[Task data]
○ ○ ○ ○
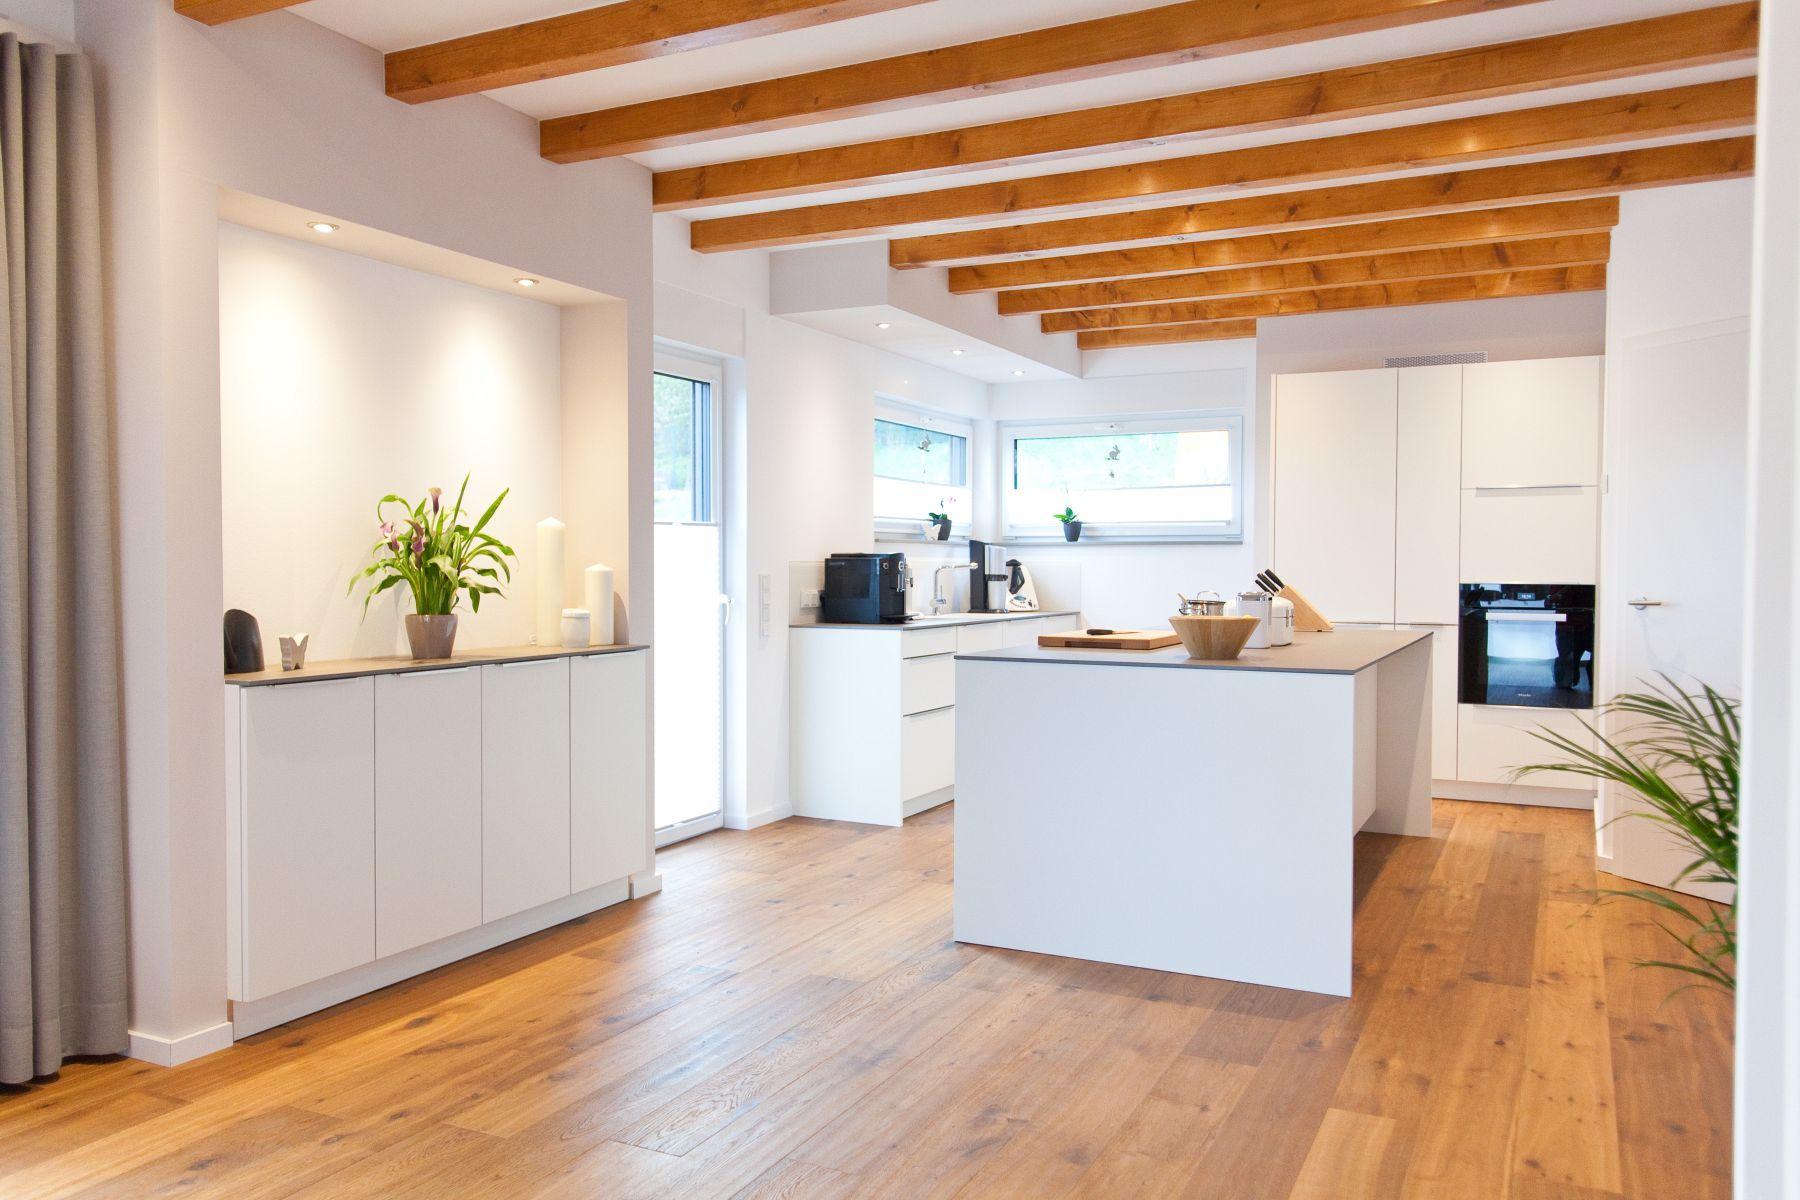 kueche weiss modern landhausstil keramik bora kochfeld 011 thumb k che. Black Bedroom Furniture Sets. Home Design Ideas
○ ○ ○ ○
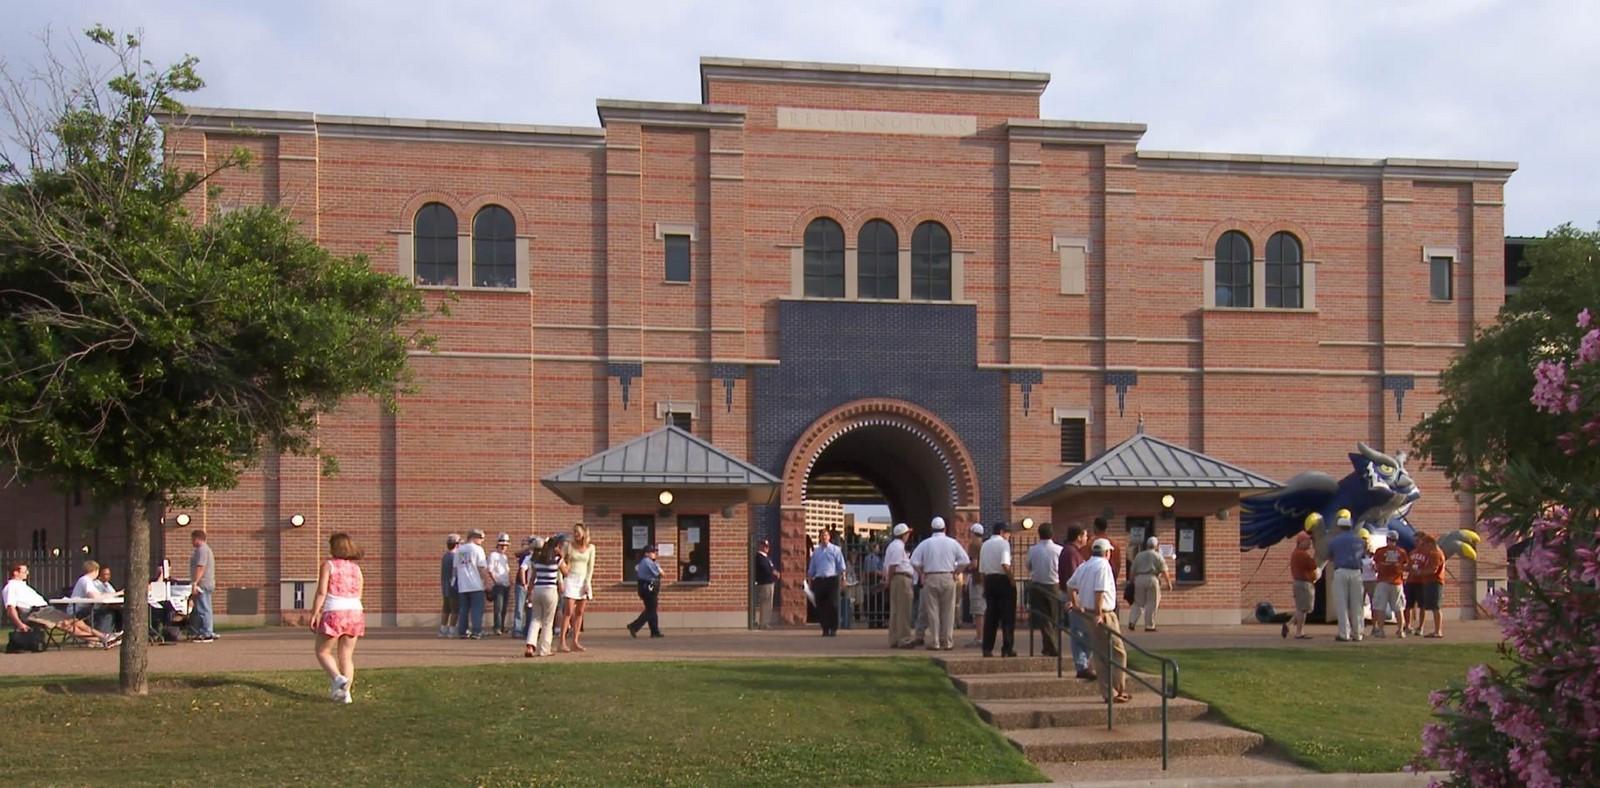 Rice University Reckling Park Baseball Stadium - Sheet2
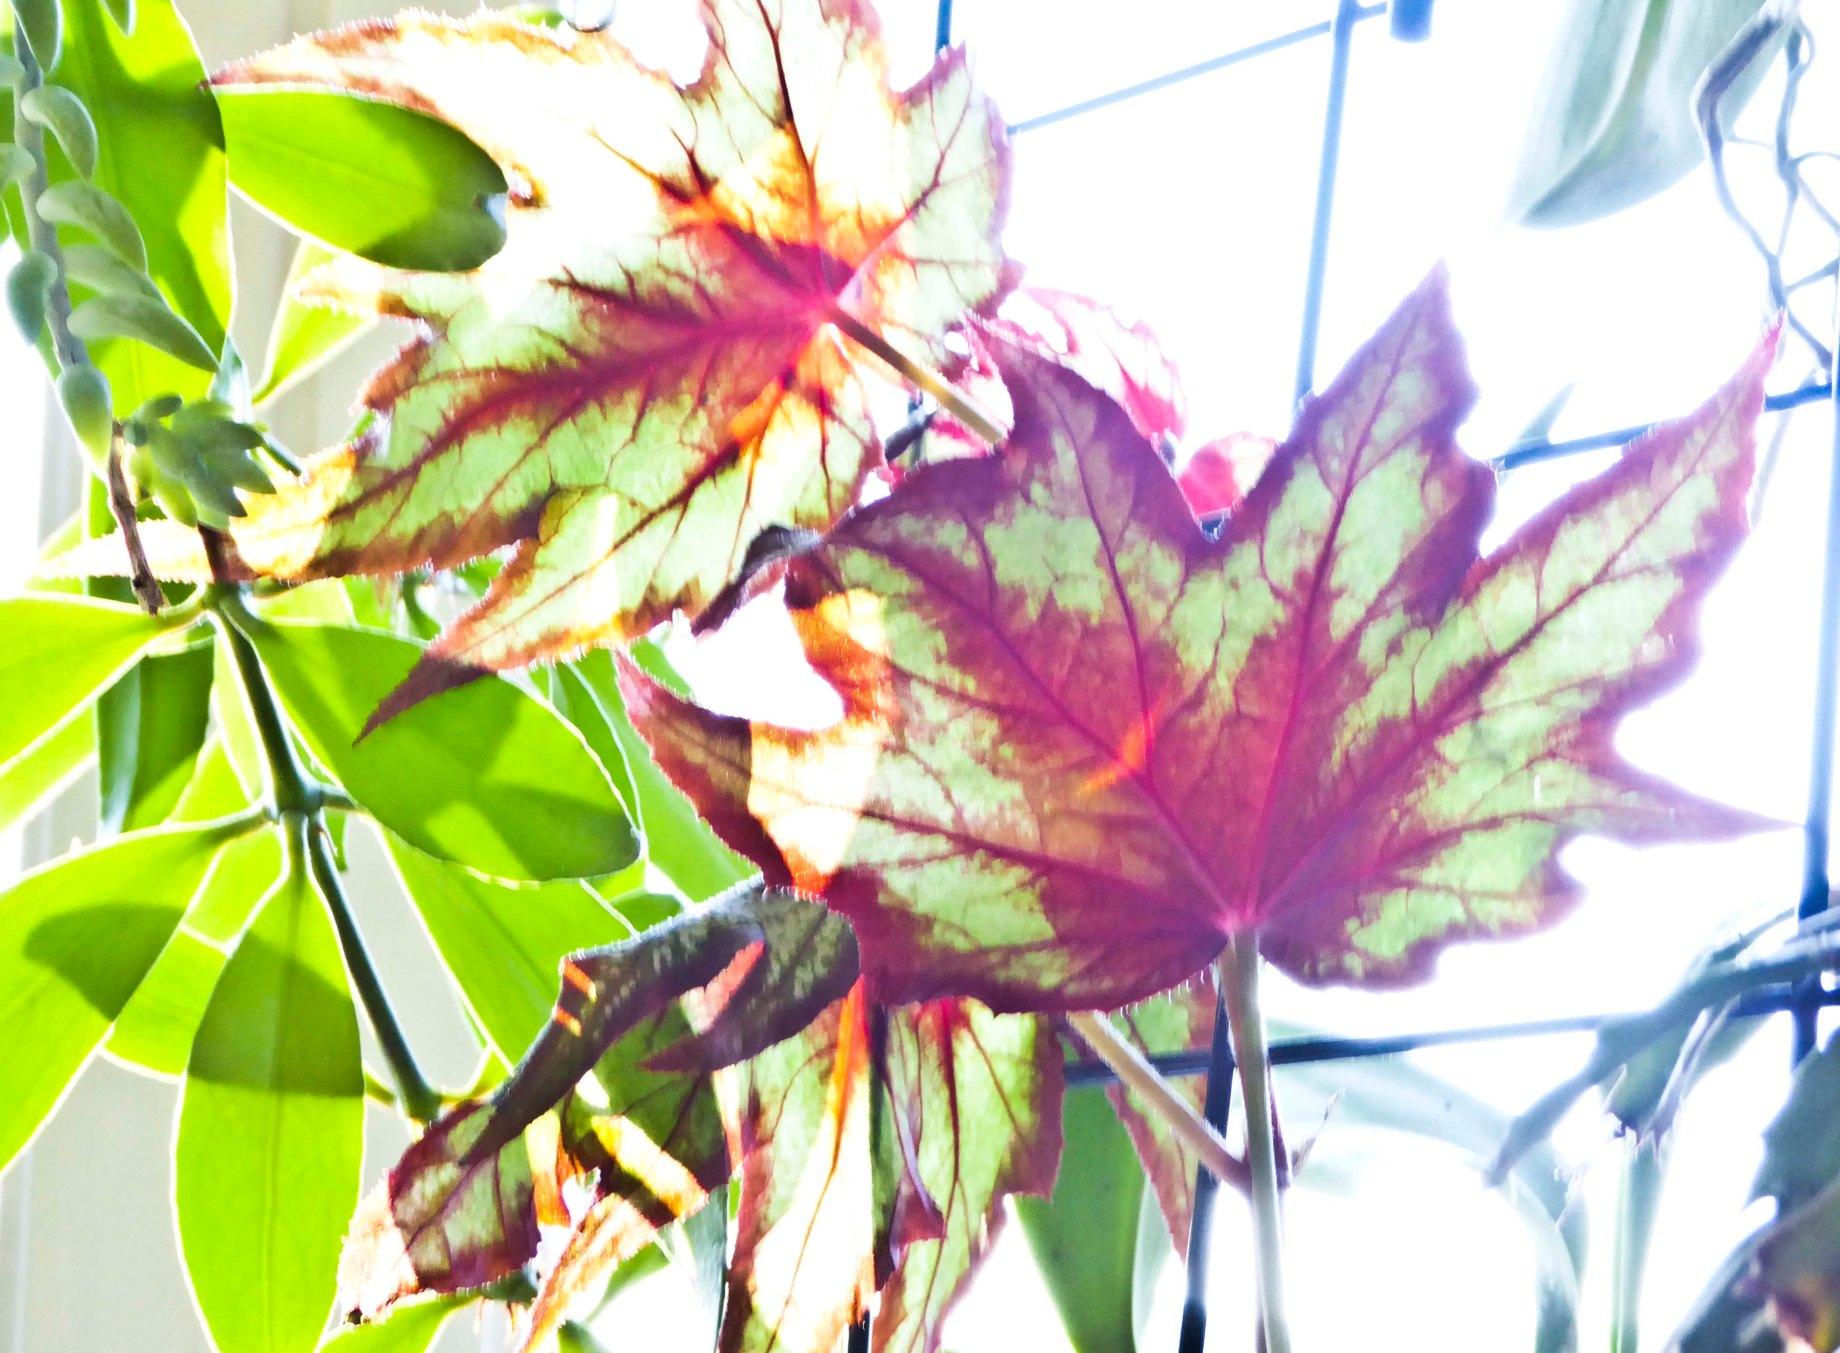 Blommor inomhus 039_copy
○ ○ ○ ○
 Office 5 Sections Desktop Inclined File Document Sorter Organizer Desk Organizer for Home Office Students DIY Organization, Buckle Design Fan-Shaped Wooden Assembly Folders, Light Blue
○ ○ ○ ○
[What this task involves] The lines above from the line with "Rice University Reckling" through the line with "Blommor inomhus 039_copy" are to be given again word for word, with no pictures among them.

[Result of the exercise]
 Rice University Reckling Park Baseball Stadium - Sheet2
 Blommor inomhus 039_copy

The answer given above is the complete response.